According to the spec, ARI feature is enabled only based on the 
following 2 conditions:
1. For an ARI Downstream Port, the capability is communicated through 
the Device Capabilities 2 register.
2. For an ARI Device, the capability is communicated through the ARI 
Capability structure.

also according to the driver code pci_configure_ari(), I think my 
implementation does follows spec?

And as you know, only ARI feature is enabled, we return 
pci_dev->bus->devices[0]

> And I'm not sure all functions must have the ARI capability.
>

do you means there maybe the following condition: ARI forwarding bit is 
enabled in downstream port, but the functions below, some have ARI 
Capability structure while the others don`t. Shouldn`t we forbid the 
condition? Because If this condition happens, I am not sure whether the 
device could work normally.

In the IMPLEMENTATION NOTE: ARI Forwarding Enable Being Set 
Inappropriately, It seems the spec don`t want that complicated 
condition? While actually, qemu calls pcie_cap_arifwd_init() in root 
port/downstream port initialization first.

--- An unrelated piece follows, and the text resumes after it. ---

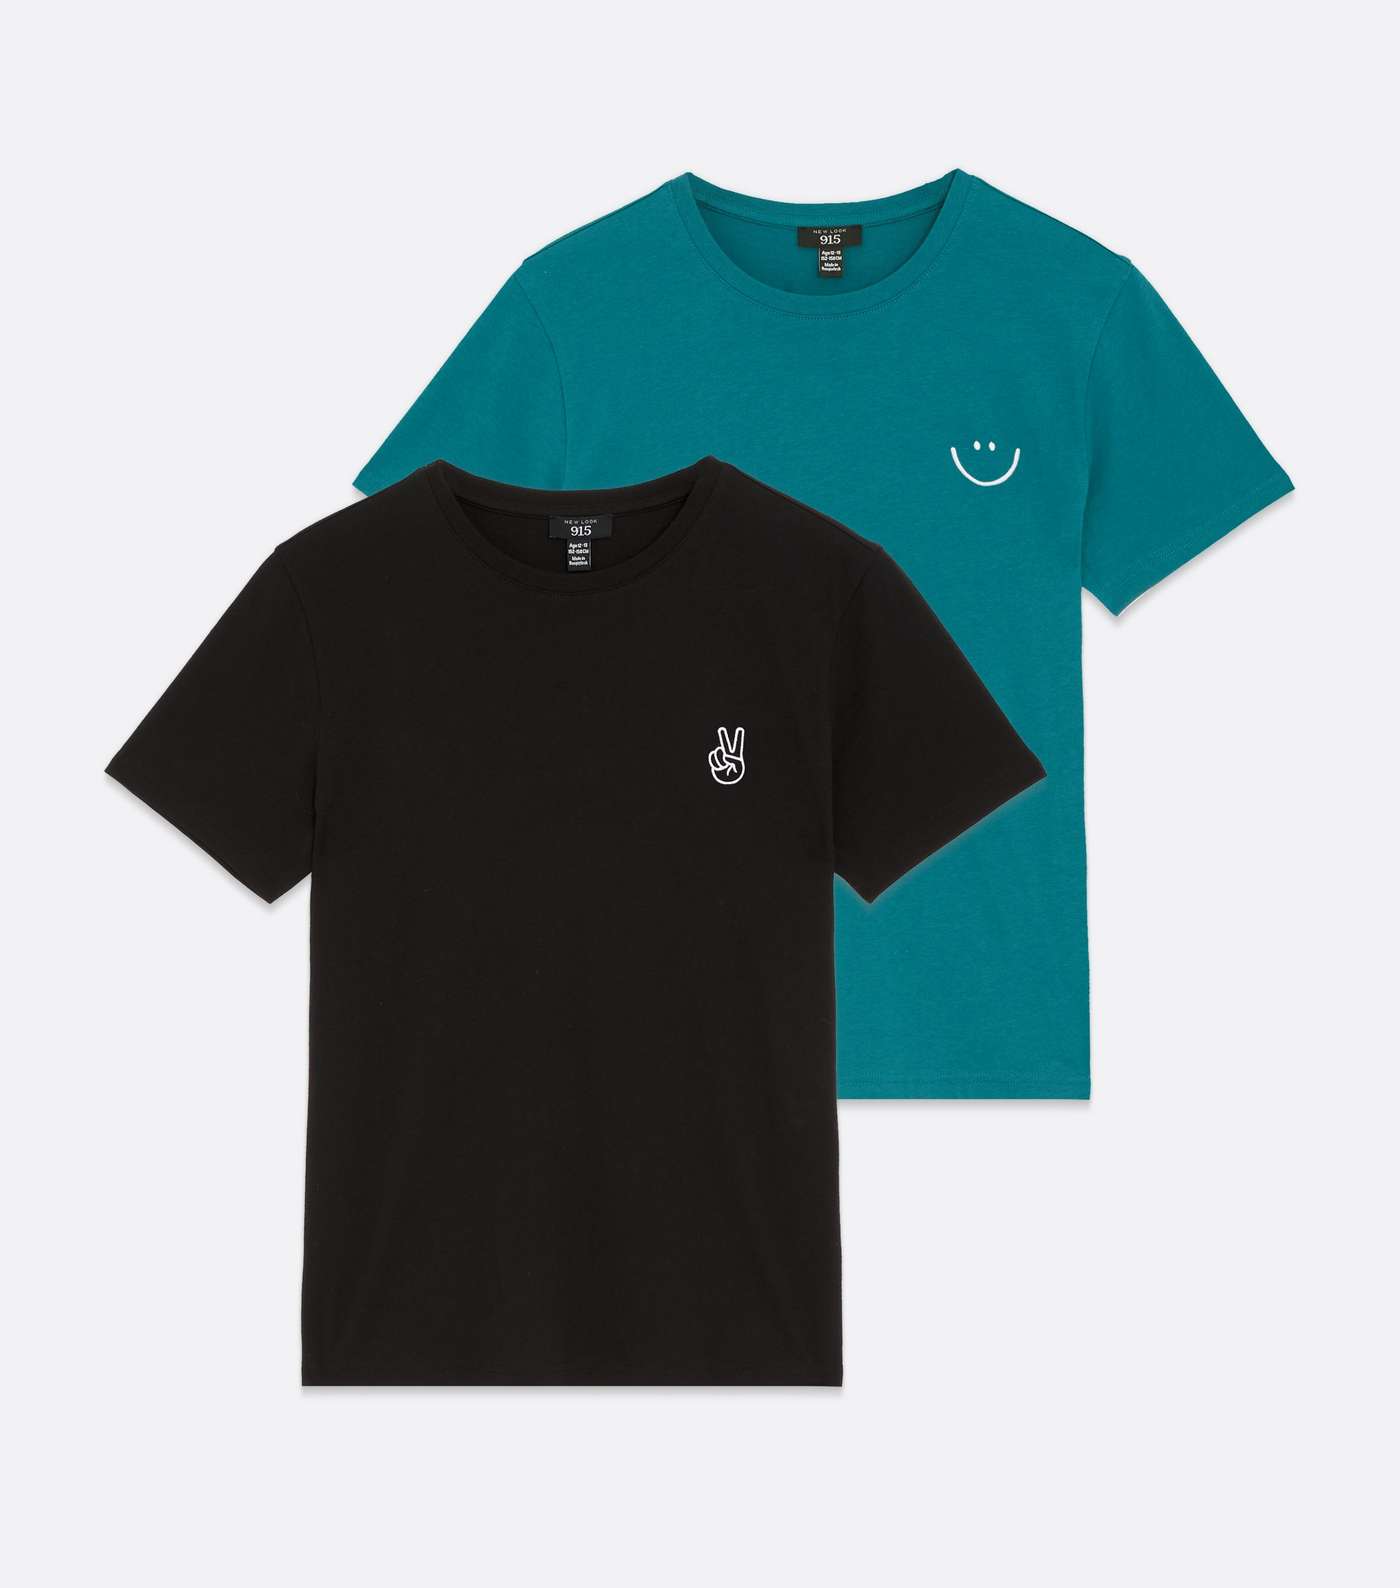 Boys 2 Pack Teal and Black Mixed Embroidered T-Shirts Image 5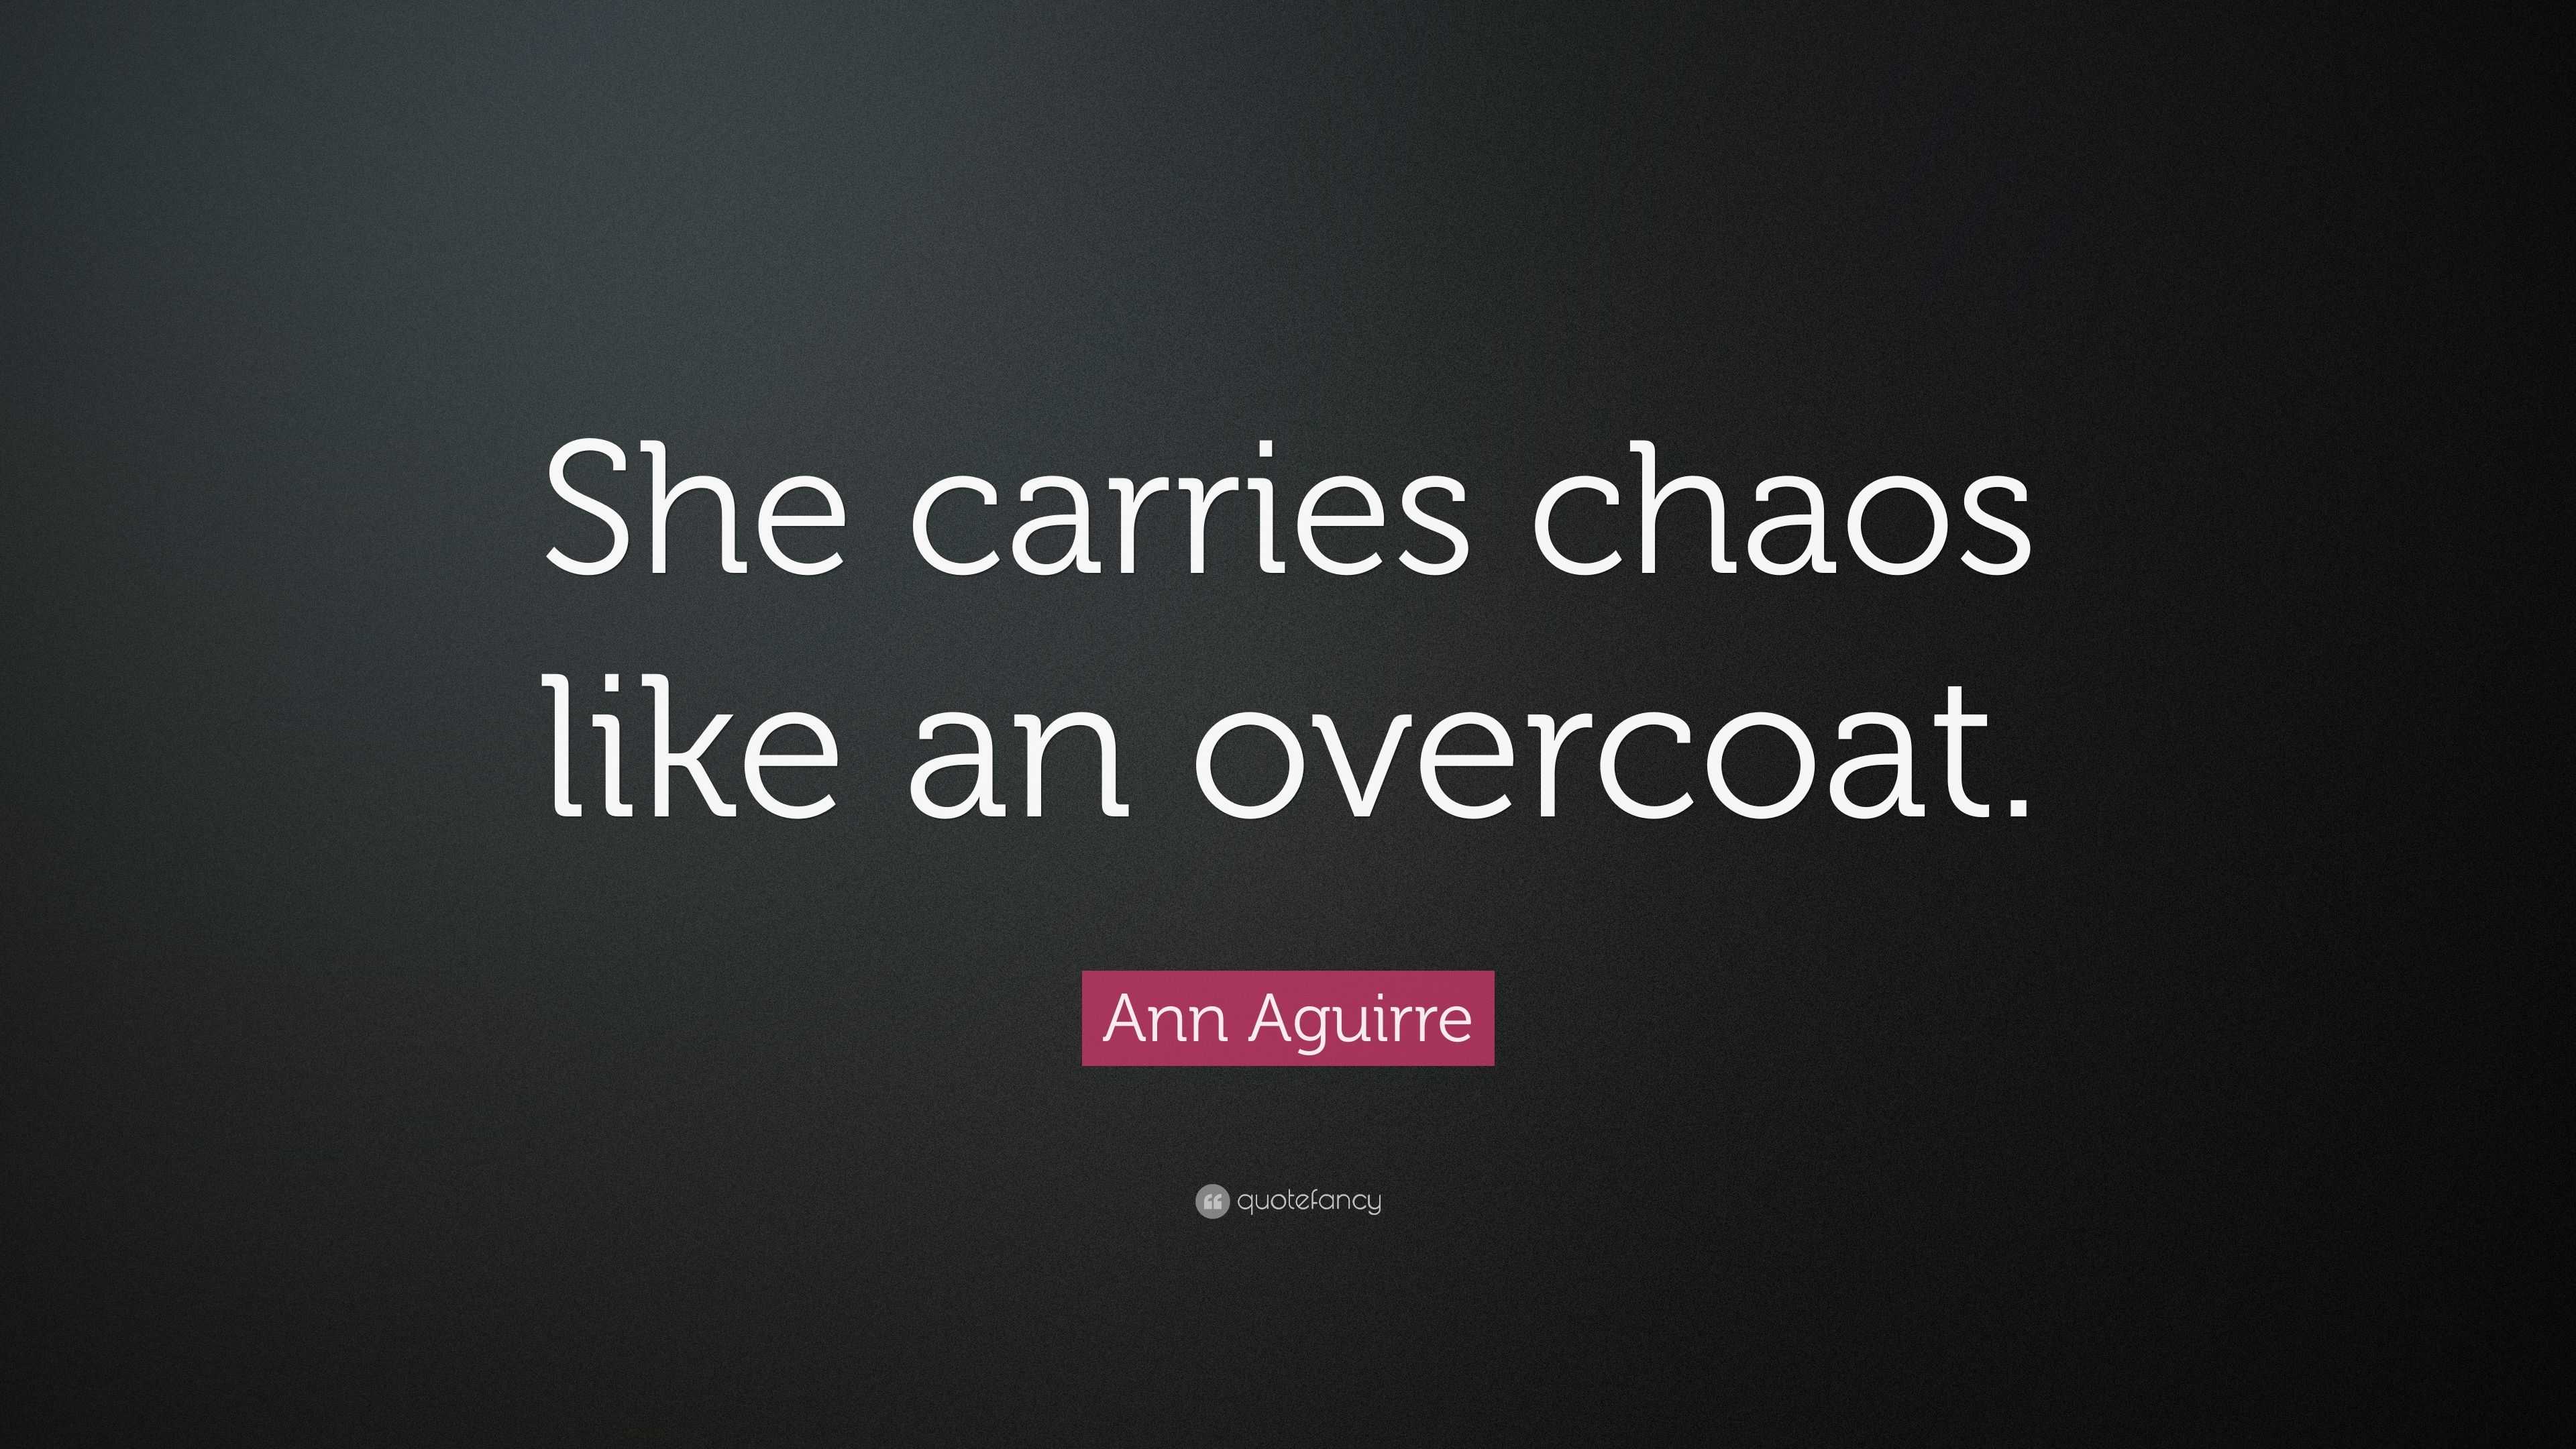 Ann Aguirre Quote: “She carries chaos like an overcoat.”

> I don't see why don't you just go by spec:
>

I do read the spec, and also referred the pcie driver code(see 
pci_configure_ari()). I think it is my inaccurate understanding about 
"upstream port" results in my implementation(I also consult PCISIG 
support team for this question, see attachment). The concept of 
"upstream port" in ARI device definition confuse me a lot.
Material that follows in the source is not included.